大阪高等裁判所 平成11年(行コ)47号 判決
主文
一 原判決を次のとおり変更する。
二 控訴人の被控訴人に対する平成九年九月一九日付け公文書一部非公開決定(ただし、既に公開された部分を除く。)は、次の部分を除き、これを取り消す。
1 原判決の別紙目録1番号9の「住所」、同目録番号20の「住所、年齢、電話番号」、同目録番号35の「住所」及び別紙目録2番号32の「住所、年齢、電話番号」の部分
2 原判決の別紙目録1番号26の「肩書、氏名、支出理由」、別紙目録2番号45の「肩書、氏名」、別紙目録1番号9、20及び別紙目録2番号32の各「氏名」の部分
三 被控訴人のその余の請求を棄却する。
四 訴訟費用は、第一、二審を通じて、控訴人の負担とする。
事実及び理由
第一申立て
一 控訴人
1 原判決中控訴人敗訴部分を取り消す。
2 被控訴人の請求を棄却する。
3 訴訟費用は、第一、二審とも、被控訴人の負担とする。
二 被控訴人
1 本件控訴を棄却する。
2 控訴費用は控訴人の負担とする。
(以下、ゴシック体の部分は原判決の記載と同一である。)
第二事案の概要及び当事者の主張
一 本件は、被控訴人が、京都市公文書の公開に関する条例(平成三年七月一日京都市条例第一二号。以下「条例」という。)に基づいて、平成六年及び七年度分の飲食を伴う接遇に関する清掃局分の経費支出決定書の公開を請求したのに対し、控訴人が一部を非公開とする旨の決定(以下「本件処分」という。)をしたため、その取消しを求めた抗告訴訟である。
二 争いのない事実等
1 当事者
(一) 被控訴人は京都市民であり、条例五条一項一号に基づき公文書の公開を請求することができる者である。

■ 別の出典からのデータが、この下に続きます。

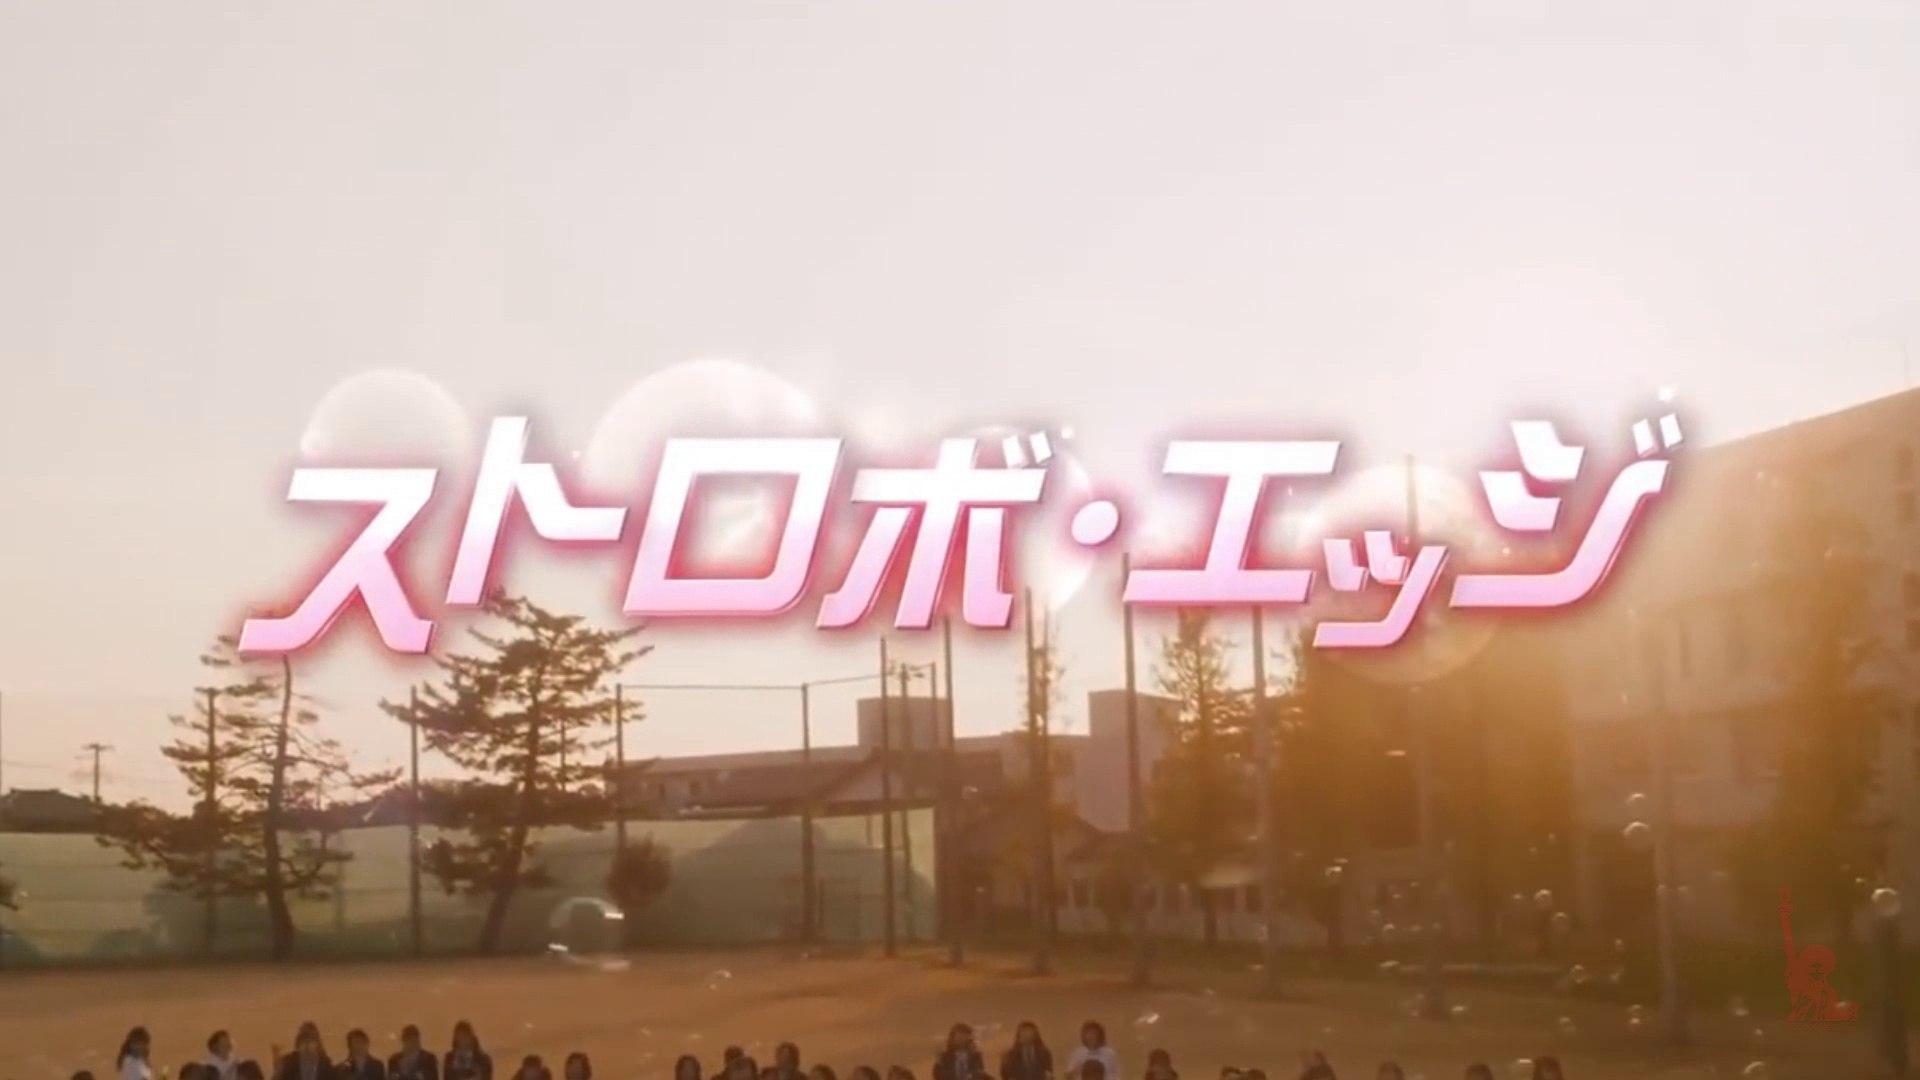 Sutorobo Ejji 2015 Trailer Vo Japan Video Dailymotion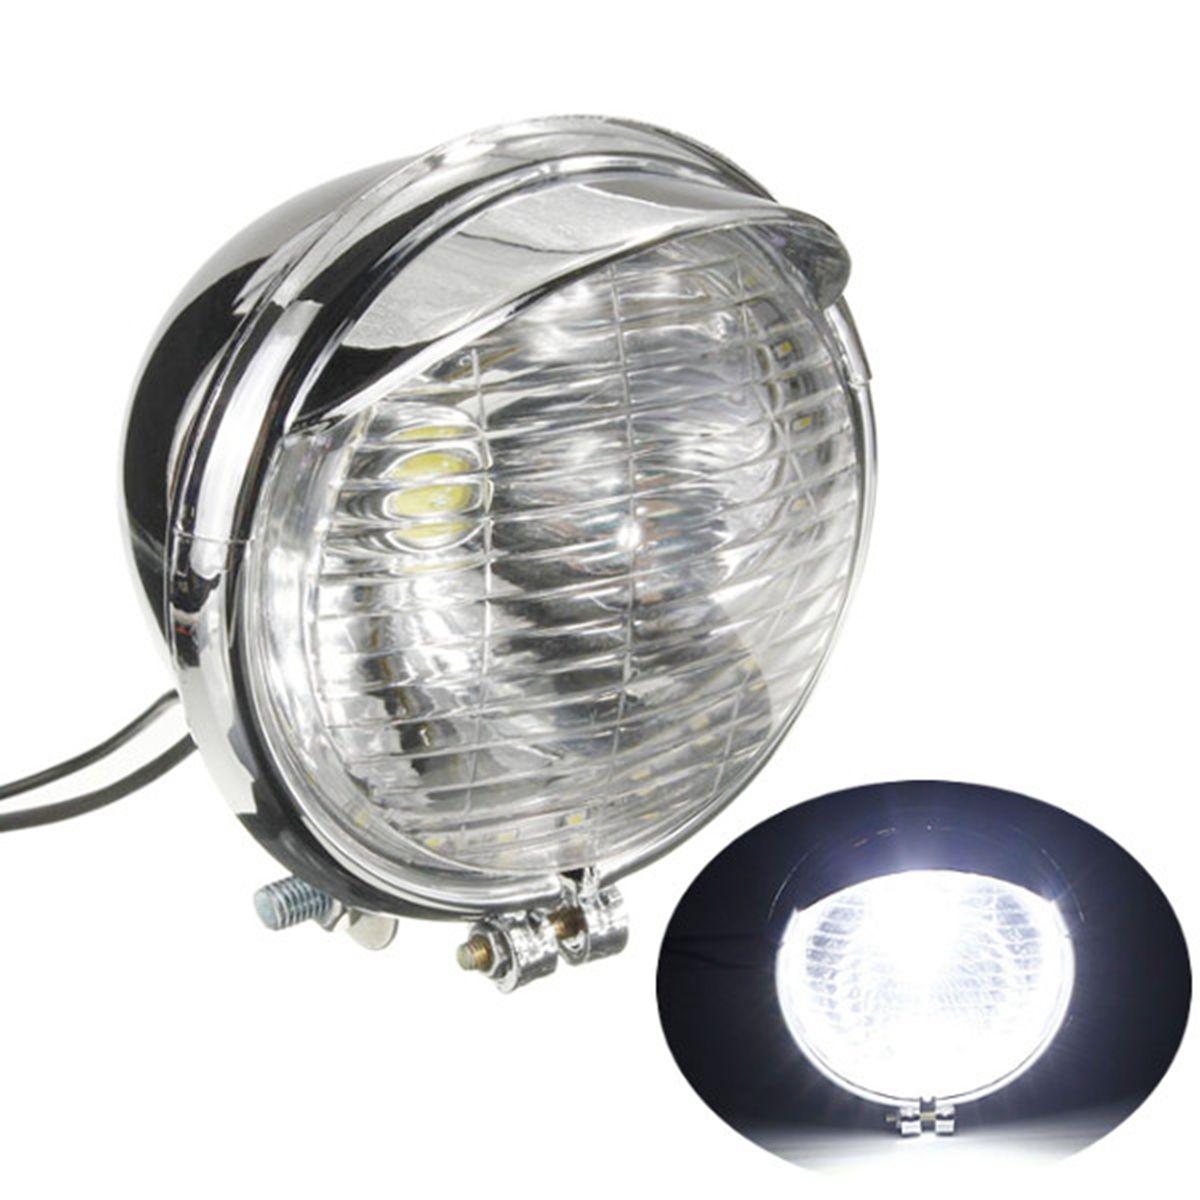 Universal Motorcycle 25 LED Headlight Head Lamp Chrome For Harley Chopper Custom 12V<br><br>Aliexpress

(二) 控訴人は条例二条一号の公文書の公開を実施する機関である。
2 本件処分
(一) 被控訴人は、控訴人に対し、平成九年八月六日、条例五条一項に基づき、「飲食を伴う接遇(茶菓のみのものを除く)に関する経費支出決定書平成六、七年度分」(清掃局分)の公開を請求した。
(二) これに対し、控訴人は、同年九月一九日付けで、右請求にかかる公文書を「経費支出について(九〇件)」と題する決定書(以下「本件支出決定書」という。)と特定し、そのうち原判決の別紙目録1及び2記載の文書の、(1) 相手方の個人を識別できる部分等は、公開することにより当該個人のプライバシーを侵害するおそれがあると認められるので条例八条一号に、(2) 国、他の地方公共団体等の職員の氏名等は、公開することにより、当該団体等との協力関係又は信頼関係を損なうと認められるので条例八条四号に、(3) 相手方の氏名等は、公開することにより、今後の京都市の清掃事業の公正かつ適切な執行に著しい支障が生じると認められるので条例八条七号に、それぞれ該当するとして、別紙目録1及び2記載の「非公開部分」を非公開とする決定(本件処分)をし、同日付けでその旨被控訴人に通知した。
(三) 控訴人は、本訴提起後、本件処分で非公開とした部分の一部(支出理由の全部又は一部、相手方の肩書及び職名の全部又は一部〔団体名〕)を公開し、これにより、非公開部分は原判決の別紙目録3及び4記載の「非公開部分」のとおりとなった(乙一、二の各号)。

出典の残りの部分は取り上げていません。